Это и был, понял Воронин, самый настоящий некролог – только без единого слова над ним, без речей, без отпевания, без самой могилы, потому что и могил этим людям там, за горлом, в перетянутой шее мешка, никто уже не насыпет. Был он составлен из одних позывных, гаснущих по одному в негромко сипящем динамике, да из движений её карандаша, который то торопливо вписывал в строку живое, то надолго замирал и медленно опускался над тем, что стало мёртвым где‑то за десятки вёрст, под чужим огнём. Та самая армия, которую он вчера пересчитывал по головам на большаке, умолкала теперь поштучно, по голосу. Всю войну он слушал её картой, синими и красными стрелами на штабном планшете, сводкой через десятилетия: «тридцать третья отсечена», «коридор у Захарова потерян», дата на странице. А как оно гаснет вживую – по одному терпеливому уставшему голосу, который ещё стучит, ещё надеется, что его слышат, и которого вот сейчас, при тебе, не станет, – этого он не знал, покуда не услышал её ухом, рядом, в этой комнате.

И тут с ним сделалось то, чего он за собой не знал и за что после не сумел себя простить.

Он вдруг расслышал, что слушает не как она. Она слушала, чтобы держать строку, не закрывать, надеяться. А он слушал – и считал. Прикидывал. По тому, какой позывной ещё дышит, а какой умолк, он, не желая того, складывал в голове картину: где коридор ещё держится, где уже нет, какой кусок мешка ещё жив, а какой кончился. И поверх этого, помимо воли, шла та, другая, страшная работа: если бы можно было вытащить – кого? Тех, кто ещё дышит и кого ещё успеть? Или тех, кто уже всё равно? И уже сортировал их – холодно, точно, как сортируют по ценности. Знание его годилось тут не на то, чтобы спасти, – спасти было нельзя, масштаб был не его, – а ровно на то, чтобы выбрать: из заведомо обречённых отобрать тех немногих, кого, может, ещё выдернешь, и руками своими отделить их от прочих, которых оставляешь.

Прежде знание было у него рычагом. Им он держал переправу, рвал лёд, сбивал контрудар – поворачивал тяжёлое в свою сторону. Теперь рычаг было не к чему приложить: тяжёлое не поворачивалось. И знание, оставшись без рычага, сделалось ножом. Не тем, которым бьют врага, – тем, которым делят своих: на тех, кого спасать, и тех, кого списать. И делал он это в уме чисто и быстро, тем же отлаженным навыком, каким недавно в тёплой комнате писал ровную бумагу. Рука и тут училась хорошо. И вот этого он испугался по‑настоящему – не огня на дороге, а себя над этим журналом: что он за человек, если знание у него теперь не фронт держит, а сортирует обречённых на успею и не успею.

– Этот вот, – сказал он вдруг, не сдержавшись, ткнув в строку, которую она ещё держала открытой, в один из оборванных позывных. – Этого закрывайте. Он не выйдет.

Сказал – и осёкся. Поздно. Слово вышло.

Она повернула к нему лицо. Медленно. И в глазах не было испуга – было то, хуже испуга, внимание, с каким умный человек смотрит на сказавшего то, чего сказать не мог.

– Откуда вы знаете, – проговорила она. Не вопросом даже. Ровно, тихо, тише обычного – и Воронин по той примете, что успел за ней заметить, понял: это у неё не равнодушие, это самое сильное. – Вы дороги держите. Эфира моего вы не слышите. Откуда вам знать, выйдет он или нет.
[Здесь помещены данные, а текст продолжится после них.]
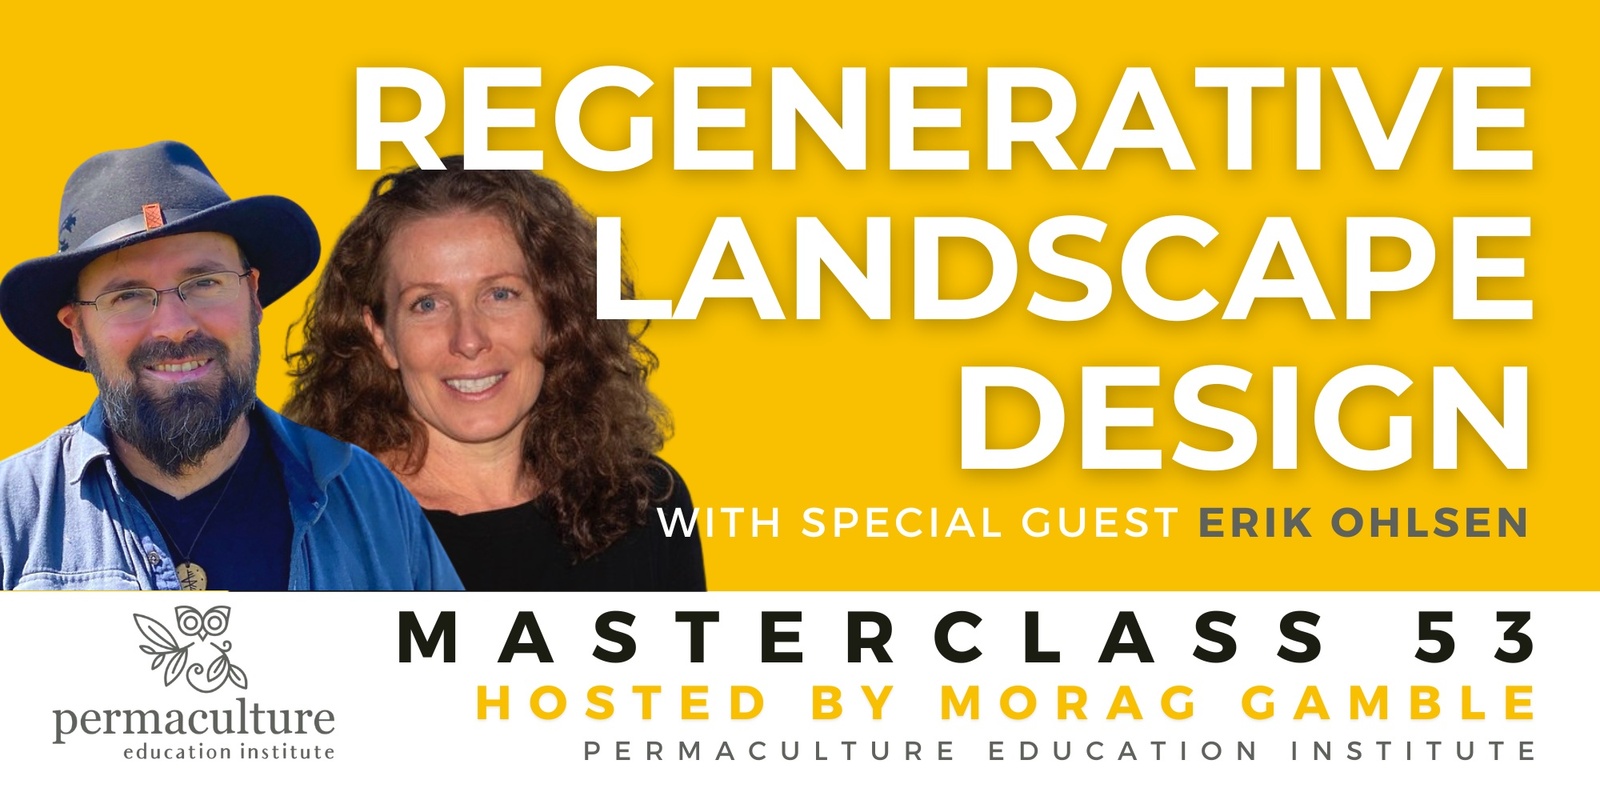 Banner image for Masterclass 53: Regenerative Landscape Design with Erik Ohlsen and Morag Gamble

Соврать ей сейчас прямо в лицо – и эта ложь ляжет между ними навсегда, на самом начале, на ровном ещё месте, и не сотрётся уже ничем. А сказать правду было нельзя – её попросту нет нигде на свете, и нет на неё ни единого свидетеля, кроме него самого: вся она из тех книг, которых ещё не написал никто и которые он один зачем‑то держит в голове. Он смотрел на её серое от бессонной ночи лицо, на замершую над журналом руку с карандашом, и молчал, не находя слов, – а молчание это и само его выдавало, тянулось дольше, чем можно вынести на пустом месте.

– Не знаю, – сказал он наконец. Тяжело. – Не знаю я. Прости. – Он впервые сказал ей «прости» и впервые сбился с «вы». – Со мной бывает. Нагляжусь за день на эти дороги – и начинаю наперёд хоронить. Не слушай меня. Держи строку.

Это была полуправда, и он сам слышал в своих словах этот шов – не ложь, но ведь и не правда, а что‑то третье, неловко слепленное на ходу из того немногого, что можно было сказать вслух. И она его услышала тоже – он видел по её лицу: человек перед ней не всё говорит и сейчас не скажет. Услышала – и всё же не стала доламывать. Может быть, оттого, что за эту ночь у самой повычеркивались из журнала почти все строки и на чужую запертую правду уже не осталось сил. А может, оттого, что в его глухом «начинаю наперёд хоронить» расслышала, поверх неловкой полуправды, другую, настоящую – только не ту, что он назвал, а ту, которой он и назвать не умел.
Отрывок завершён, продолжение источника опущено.